Because of the risk for hypotension/bradycardia, heart rate and blood pressure should be measured before initiation of therapy, following dose increases, and periodically thereafter. Patients should be advised to avoid becoming dehydrated or overheated.
Caution is advised with coadministration of antihypertensive drugs and agents known to affect sinus node function or atrioventricular nodal conduction, such as digitalis, calcium channel blockers, and β-blockers. Concomitant use of other clonidine products (eg, Catapres; Boehringer Ingelheim) should be avoided.
Extended-release clonidine may also cause somnolence or sedation — an effect augmented by concomitant use of central nervous system depressants, such as alcohol, barbiturates, and benzodiazepines. Patients should be warned against operating heavy equipment or driving until they know how the medication will affect them.

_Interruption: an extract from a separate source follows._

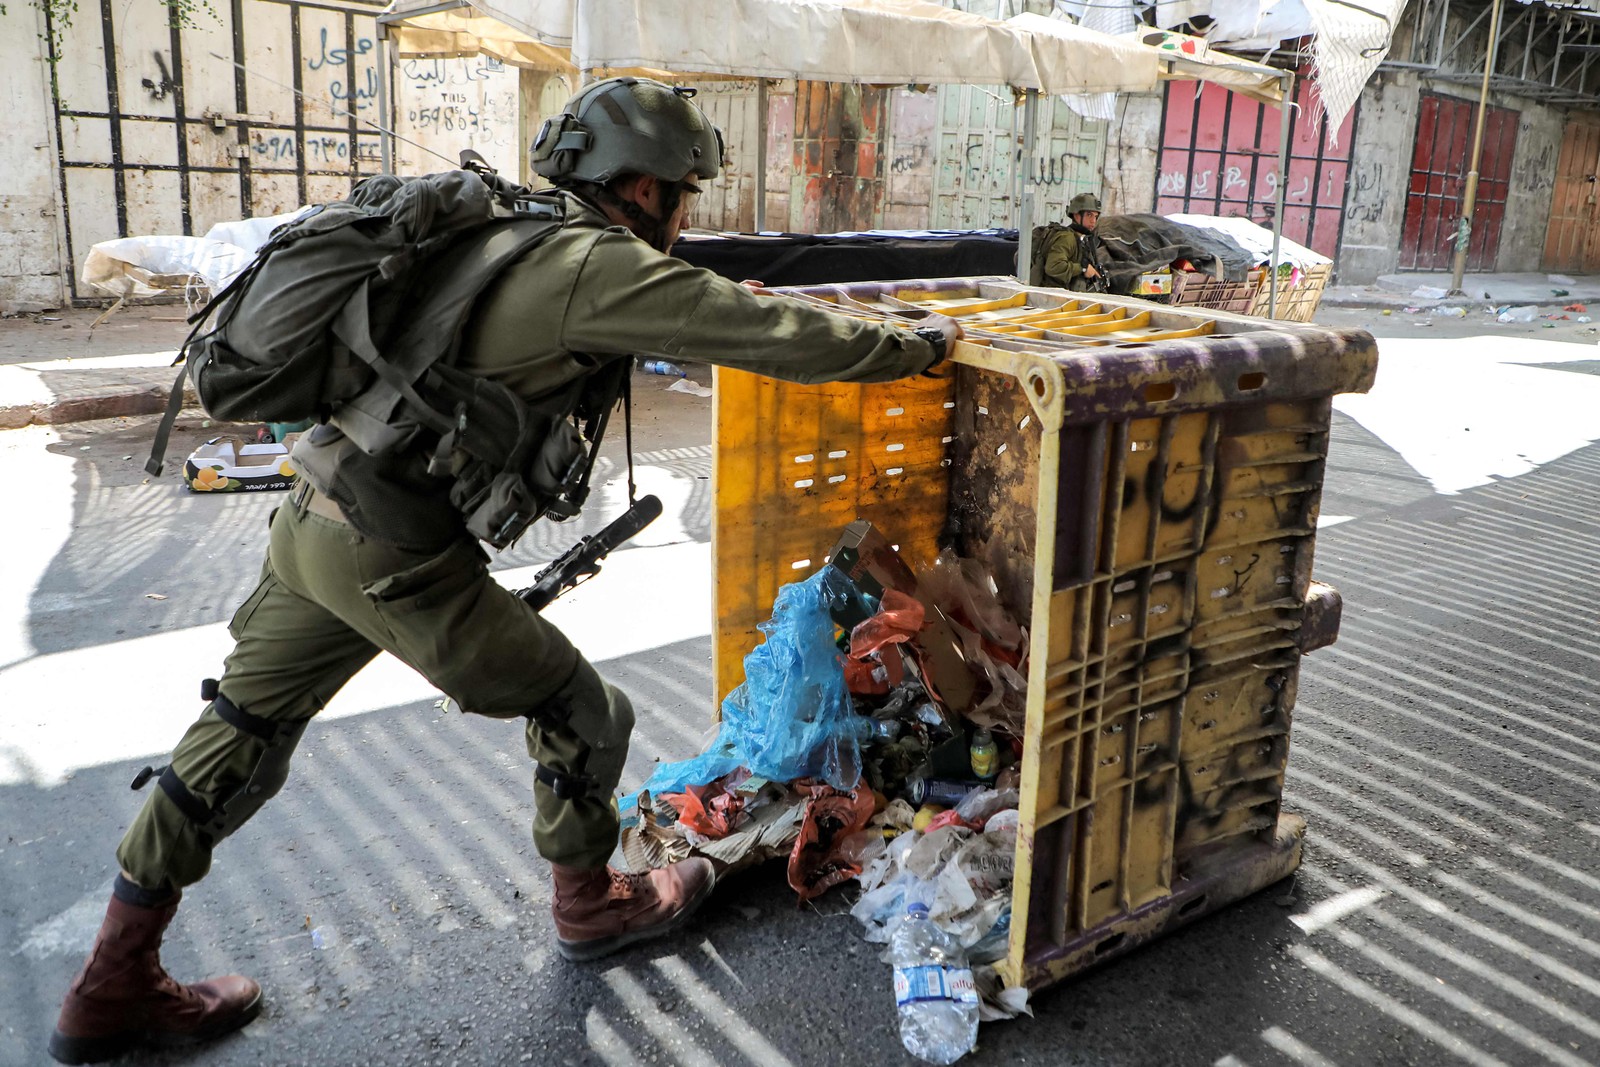 Um soldado israelense derruba uma lixeira para se proteger durante confrontos no centro de Hebron — Foto: MOSAB SHAWER / AFP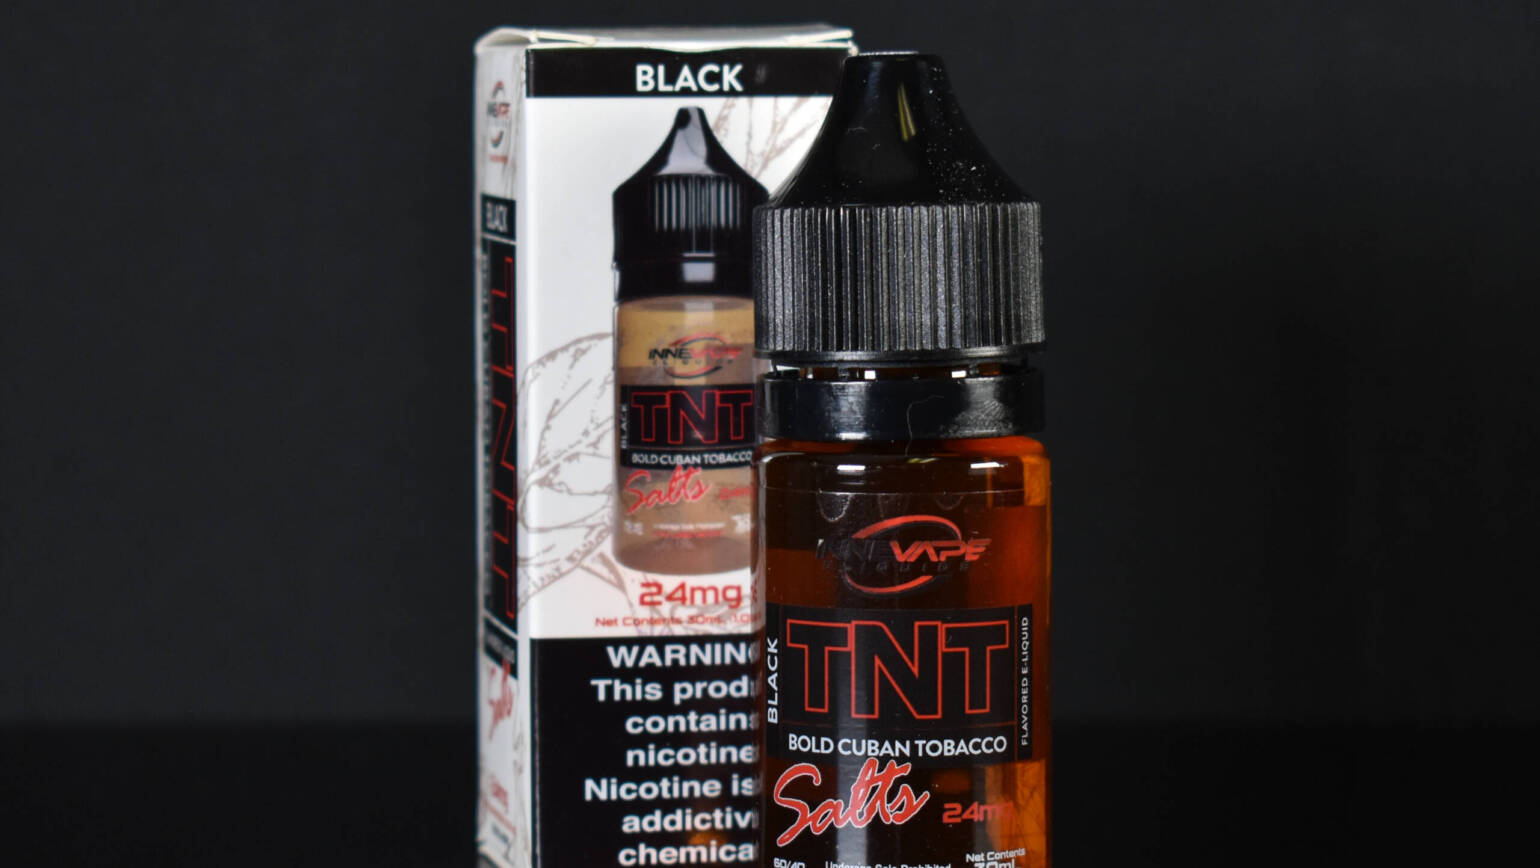 Innevape TNT Salt – Black

In patients who have developed localized contact sensitization or other allergic reactions to transdermal clonidine, substitution of oral clonidine may cause generalized rash, urticaria, or angioedema.
Abrupt discontinuation of clonidine use can lead to withdrawal symptoms; dosage should be slowly titrated in decrements of no more than 0.1 mg every 3 to 7 days.
The FDA notes that long-term efficacy (>5 weeks) of extended-release clonidine has not been systematically evaluated in clinical trials and recommends periodic assessment of the drug’s usefulness during maintenance therapy. This drug has also not been studied in children younger than 6 years.
Extended-release clonidine tablets previously were approved for the treatment of hypertension (Jenloga; Shionogi Inc).